Thanks to Christine O'Donnell and the Tea Party, a lot of Democrats are confident Joe Biden's former Delaware Senate seat is now in the bag. But their celebration may be premature. O'Donnell has already raised more than $1 million since her primary win, and while a competitive race is likely to cost several million dollars, she might not have much trouble, given the national support she'll be getting from the likes of Rush Limbaugh, Sean Hannity and Sarah Palin.
Chuckling Democrats would be wise to remember a woman named Martha Coakley was once considered a shoo-in in another reliably Democratic state, Massachusetts, only to become the first major political scalp of Tea Party politics. But Coakley turned out to be a lousy candidate and Scott Brown caught the world unawares.
Things will be different this time. While some senior Republicans, including Karl Rove, seem convinced that O'Donnell can't win, not all Democrats (including Biden himself) agree. One party strategist with extensive Senate campaign experience told me after her win that he thinks O'Donnell's star power with the far right might enable her to raise money and generate enough enthusiasm to pull off an upset.
One reason this strategist said he's not more worried, however, is that he believes O'Donnell's (nationally) unknown Democratic opponent, Chris Coons, is no Martha Coakley. "He's very talented," said my source. And he's not the only one to feel that way. Senate Democratic leader Harry Reid has already raved about Coons perhaps to comedic excess as "my pet ... my favorite candidate."

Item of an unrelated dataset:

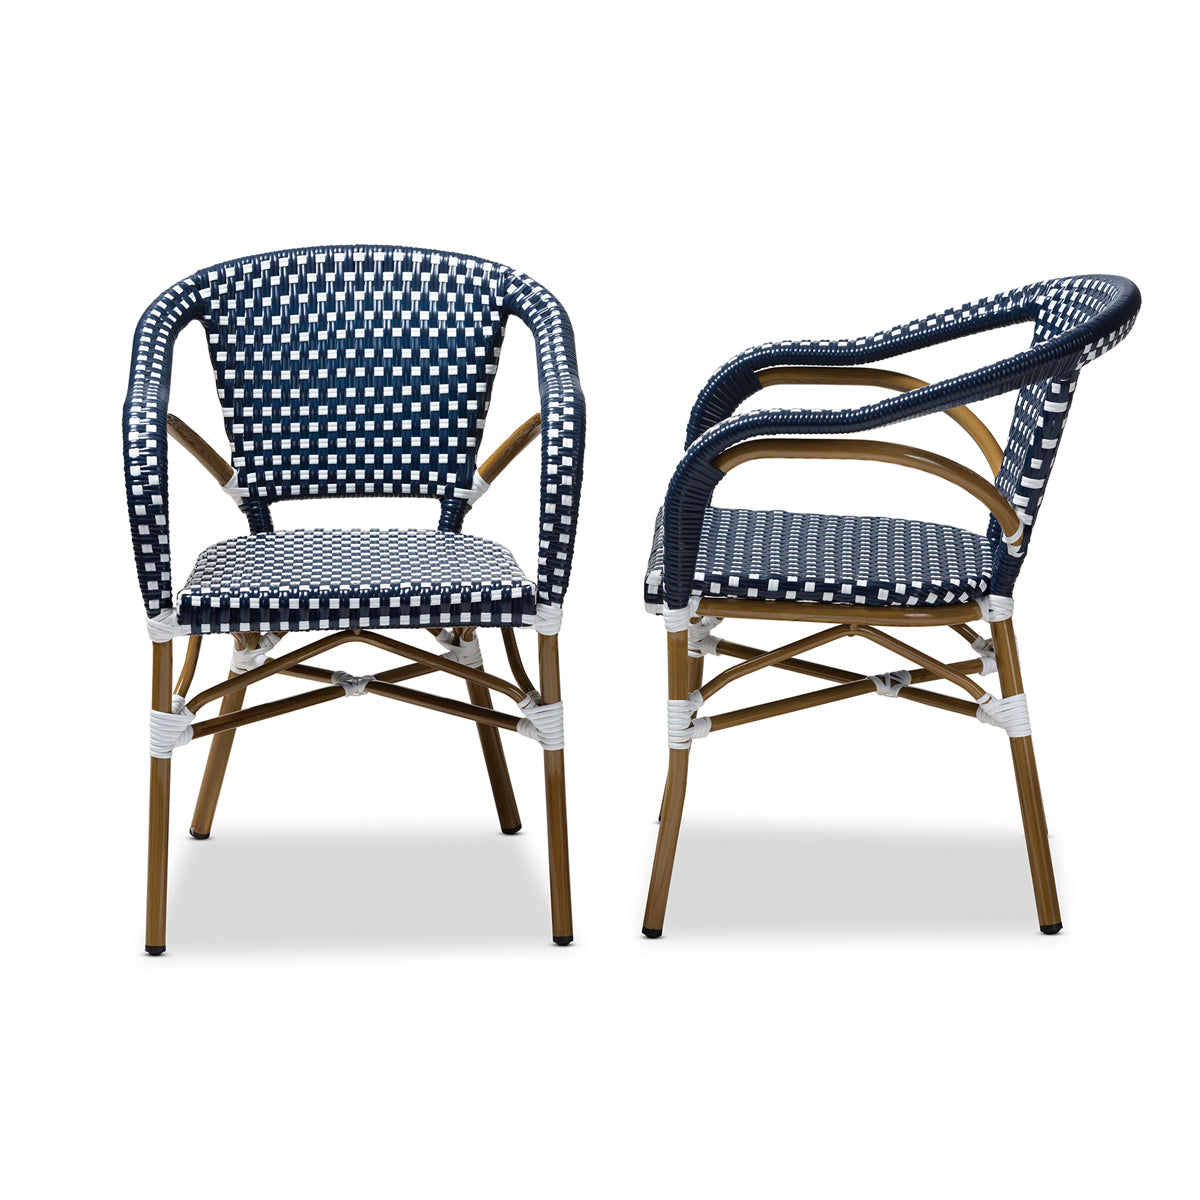 Baxton Studio Eliane Classic French Indoor and Outdoor Navy and White Bamboo Style Stackable Bistro Dining Chair Set of 2 Baxton Studio-dining chair-Minimal And Modern - 3

Coons' résumé may not sport anything as colorful as O'Donnell's abstinence and antimasturbation crusading. But he did campaign for Ronald Reagan as a teenager before labeling himself, in a much-quoted-on-the-right college essay, a "bearded Marxist." Now 47, Coons has served in county government for the past decade, with the last six years as executive of New Castle County one of Delaware's three counties and home to about 500,000 of the state's roughly 900,000 residents. His pedigree may be easy for a Tea Partyer to sneer at undergrad at Amherst, law and divinity school at Yale but in a relatively prosperous Northeastern state like Delaware (where the unemployment rate is high, but lower than the national average), it may be an asset. (And remember: at least two other Tea Party darlings, Joe Miller in Alaska and Ken Buck in Colorado, also have Ivy League degrees.)
Unlike some other Democrats recently running from it, Coons openly supports a cap-and-trade plan to combat global warming; sounds fairly conventional on education reform; and describes himself as a "Truman Democrat," which has a slightly hawkish ring but could actually mean almost anything short of Kucinich-ism. (It's hard to find anything Coons has to say about Afghanistan beyond some milquetoasty criticism of Stanley McChrystal's infamous comments to Rolling Stone.) On MSNBC's Hardball Wednesday, Coons said he would have voted for both the health care bill and financial regulatory reform. He has also made an interesting proposal for a lifetime ban on Senate lobbying by former Senators, something unlikely to endear him to his potential new colleagues.
The big picture, however, is that this campaign will unfold in a state that went 62-37 for Obama in 2008, thanks in part to the place of local hero Joe Biden on the ticket. Biden already has plans to campaign and raise money for Coons. And polling shows Coons now with a double-digit lead. So Coons could probably get away with being just an ordinary candidate. Especially if the bet reflected by the unusual photo of his opponent on his campaign home page is the right one: just keep people talking about Christine O'Donnell.